Der frühere Schachweltmeister Garry Kasparow hat sein politisches Engagement zwar nicht eingestellt, wie beim Blick auf die Kreml-kritische Internetseite kasparov.ru deutlich wird, aber er interessiert sich offenbar wieder mehr für sein ursprüngliches Metier. Zum einen setzte er sich erfolgreich für Schach als Unterrichtsfach ein (vgl. Editorial der letzten Ausgabe), erkennbar ist aber auch sein wieder erwachtes Interesse an Themen im Leistungsschach. Am 12. April, einen Tag vor seinem 49. Geburtstag, gab er in einem Interview mit der estnischen Internetseite http://rus.postimees.ee/ interessante Aussagen zu Protokoll.

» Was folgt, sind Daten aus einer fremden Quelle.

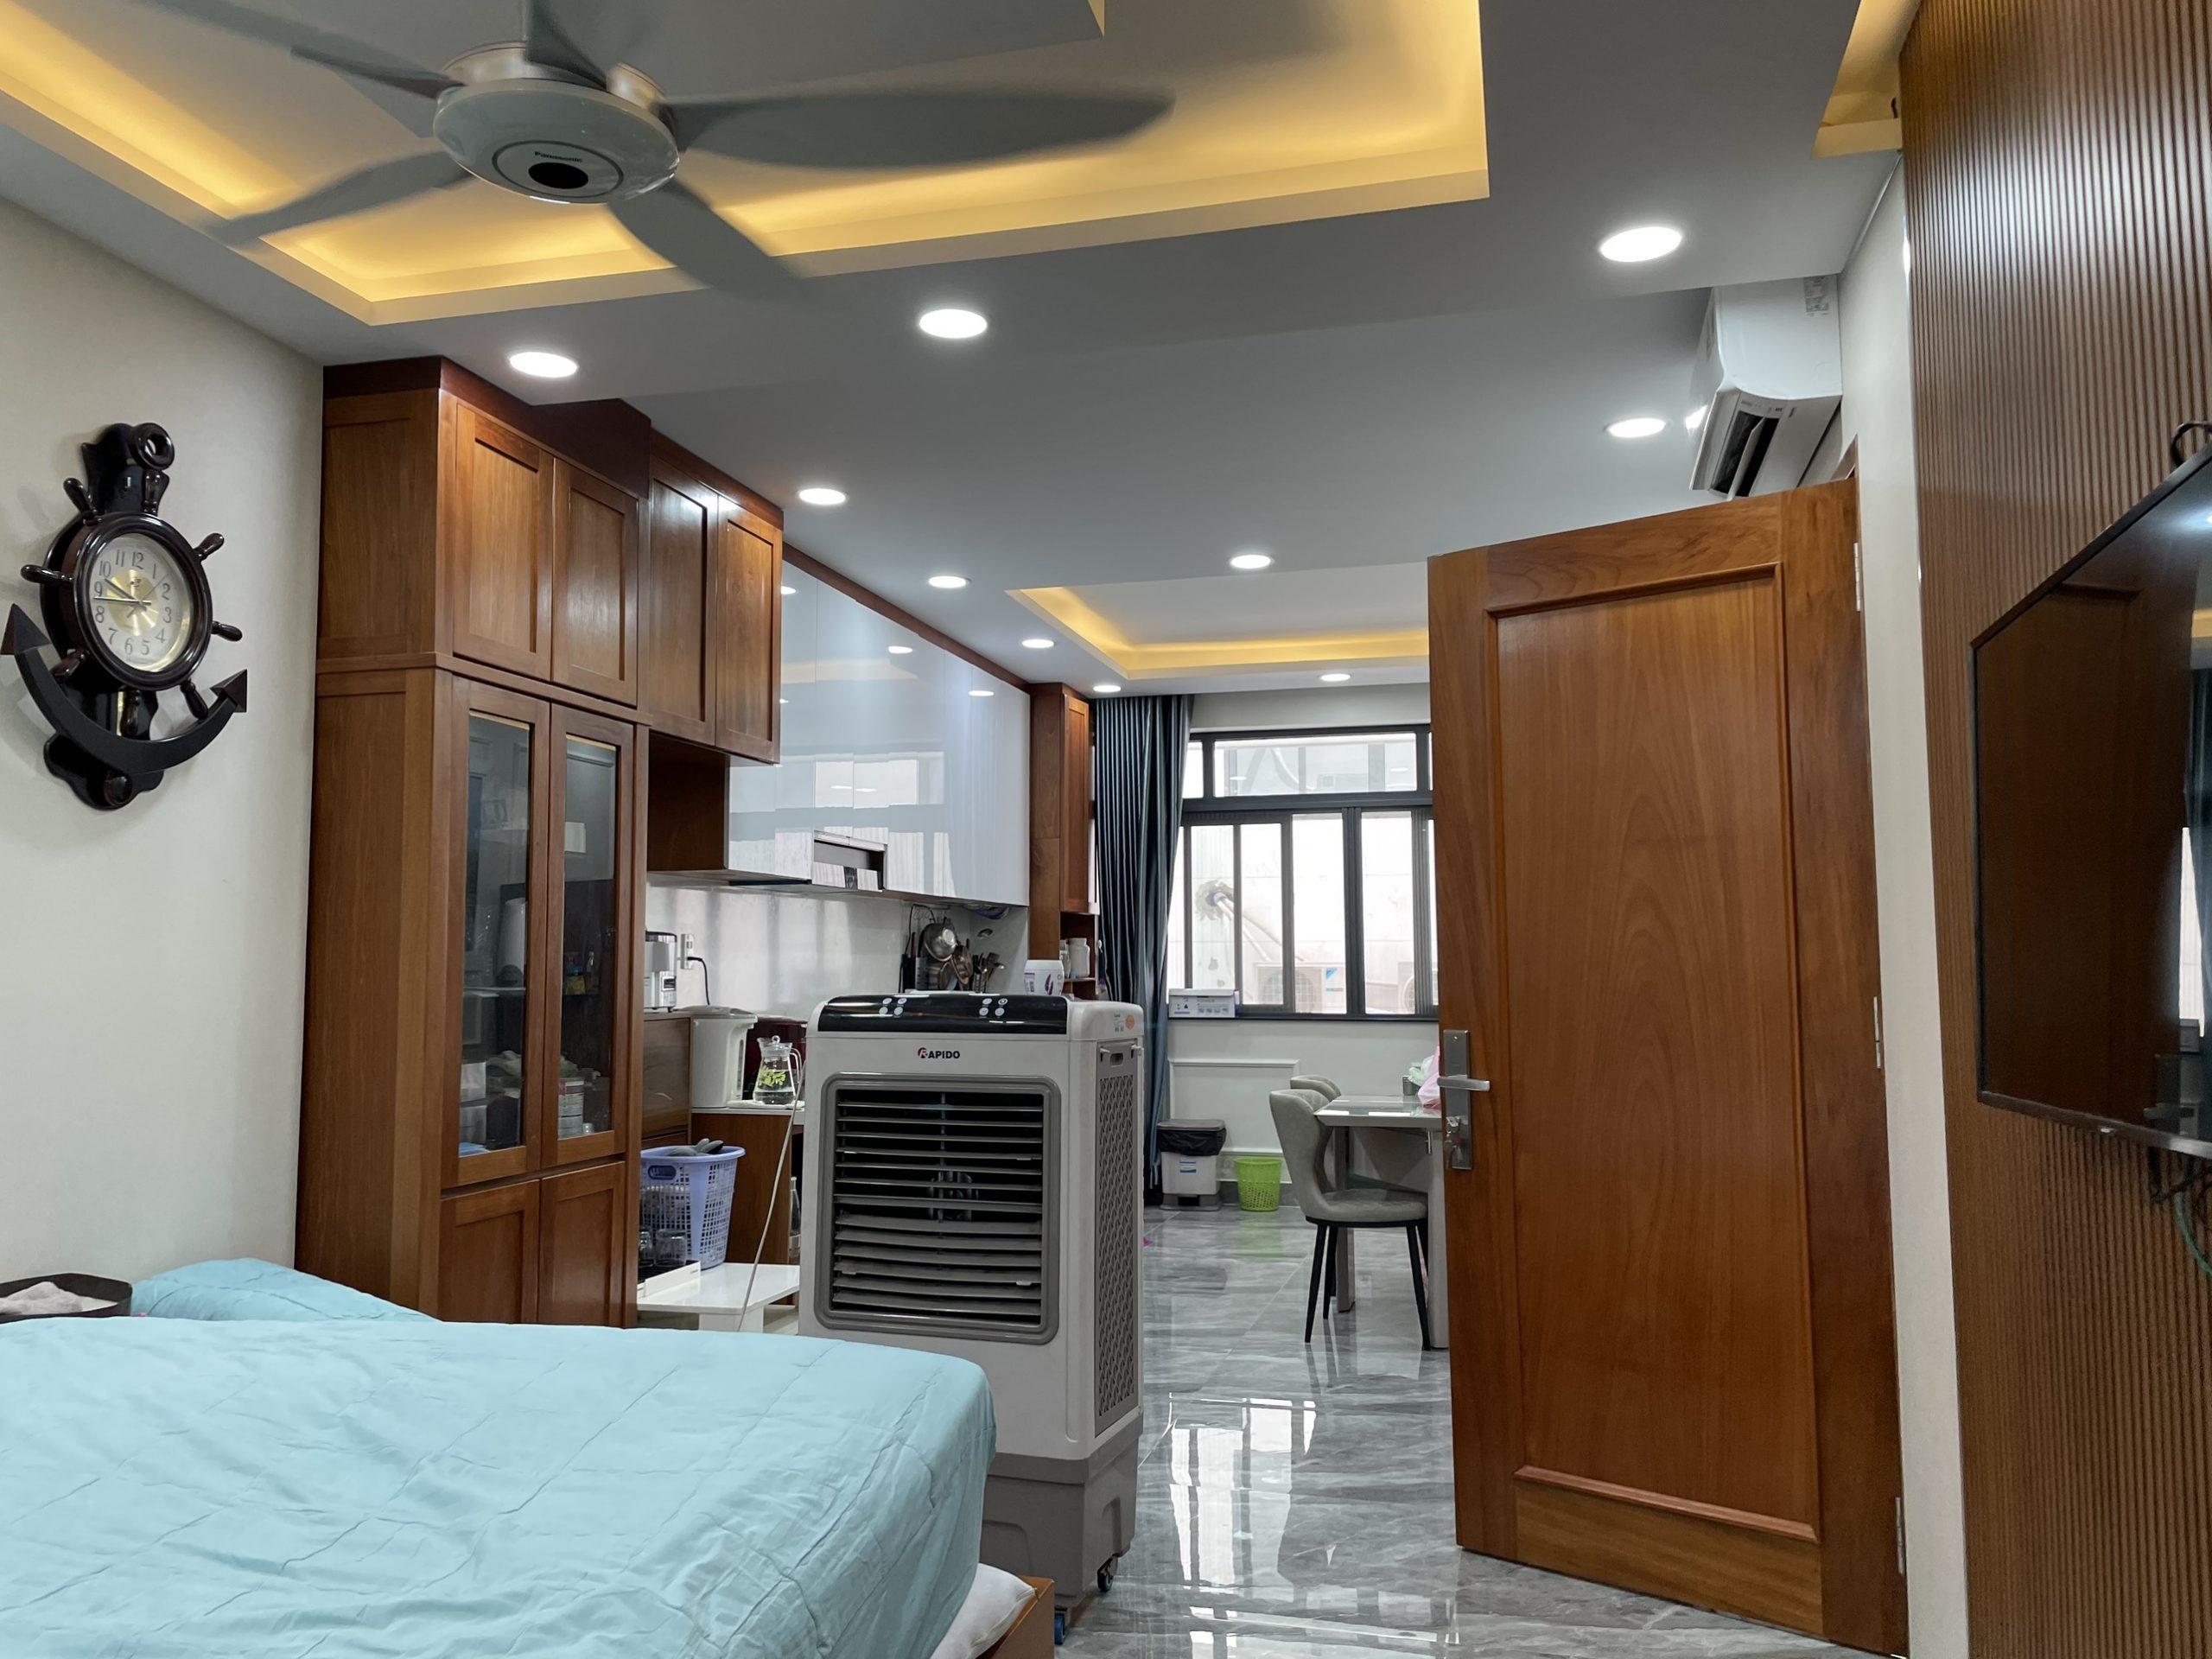 Cho thuê căn hộ 110m2 đầy đủ nội thất cao cấp  đường Nguyễn Thị Nhung
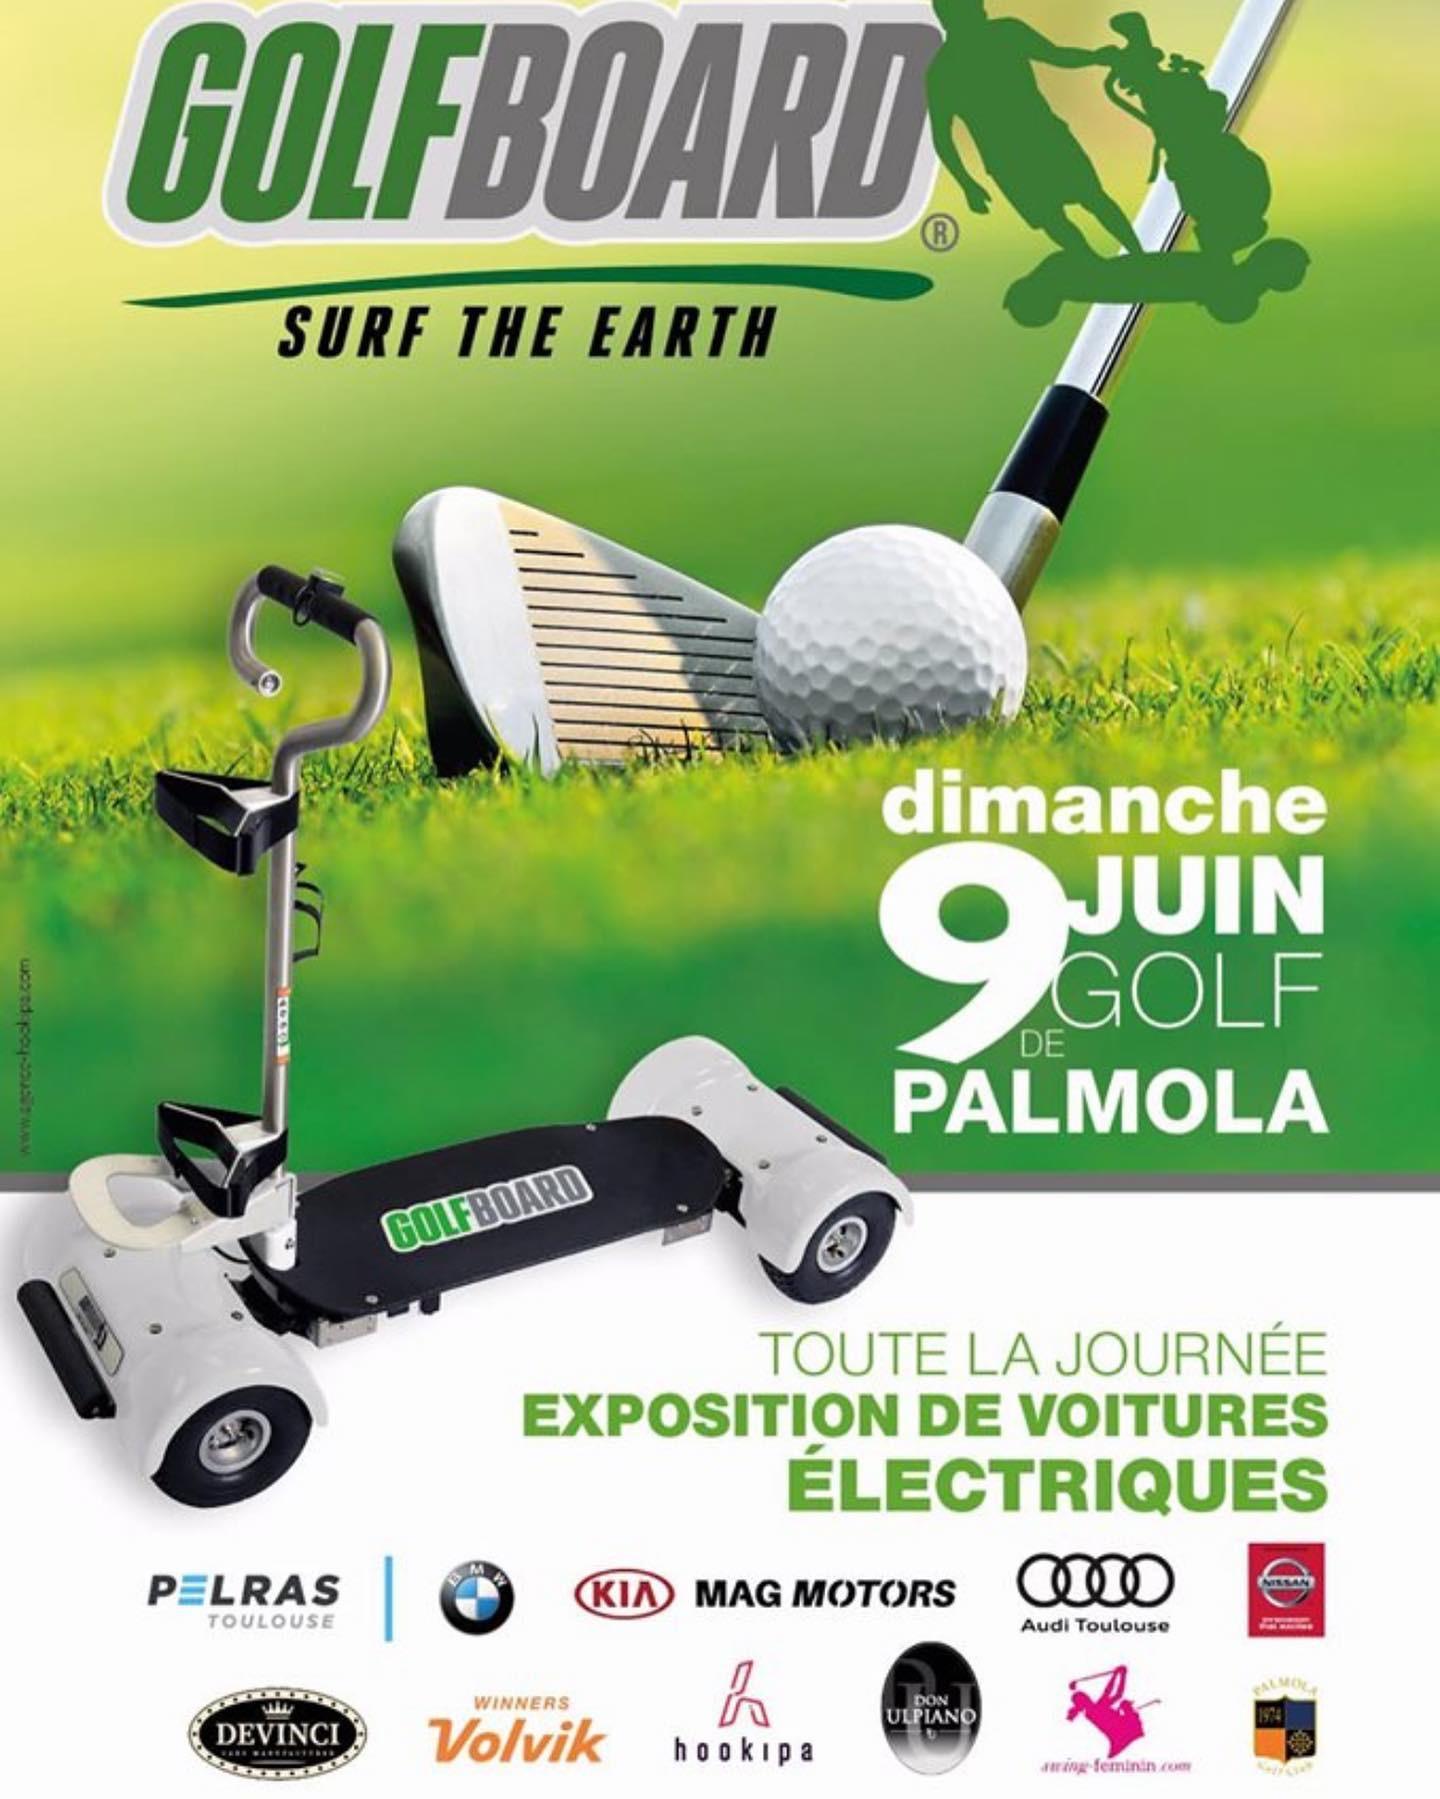 golfboard.jpg

Laut Kasparow ist Bobby Fischer höher einzuschätzen als Magnus Carlsen. Letzterer sei zwar "ein Stern erster Größenordnung", doch beim Betrachten seiner derzeitigen Wertungszahl von 2835 müsse man die Inflation dieser Zahlen berücksichtigen. "Als ich oben war, gab es nur zwei Leute mit Elo über 2700, und heute sind es 45. … Fischer hatte im Jahre 1972 ein Rating von 2785, das entspricht meinem von 2851, was ich 1999 hatte. Fischer war bedeutender als Carlsen, obwohl dessen Elo besser ist. … Als Fischer nach oben stürmte, erzielte er +6 Ergebnisse, ich machte +6 bis +7, und Carlsen erzielt +3 bis +4."

Kasparows Aussagen zu Fischer und Carlsen decken sich mit Einschätzungen des Mathematikers Jeff Sonas, der - der Verständlichkeit halber vereinfacht ausgedrückt - die These vertritt, die wahre Stärke eines Weltranglistenersten offenbare sich in der Größe des Abstands zum zweitbesten Spieler, und da habe Fischer diesen sowie alle anderen zeitweise um mehr als 100 Wertungspunkte überragt.

Einen derartigen Überflieger gibt es heute nicht, aber viele starke Spieler, die tolle Partien produzieren. Dieses Heft ist voll davon. Viel Spaß bei der Lektüre.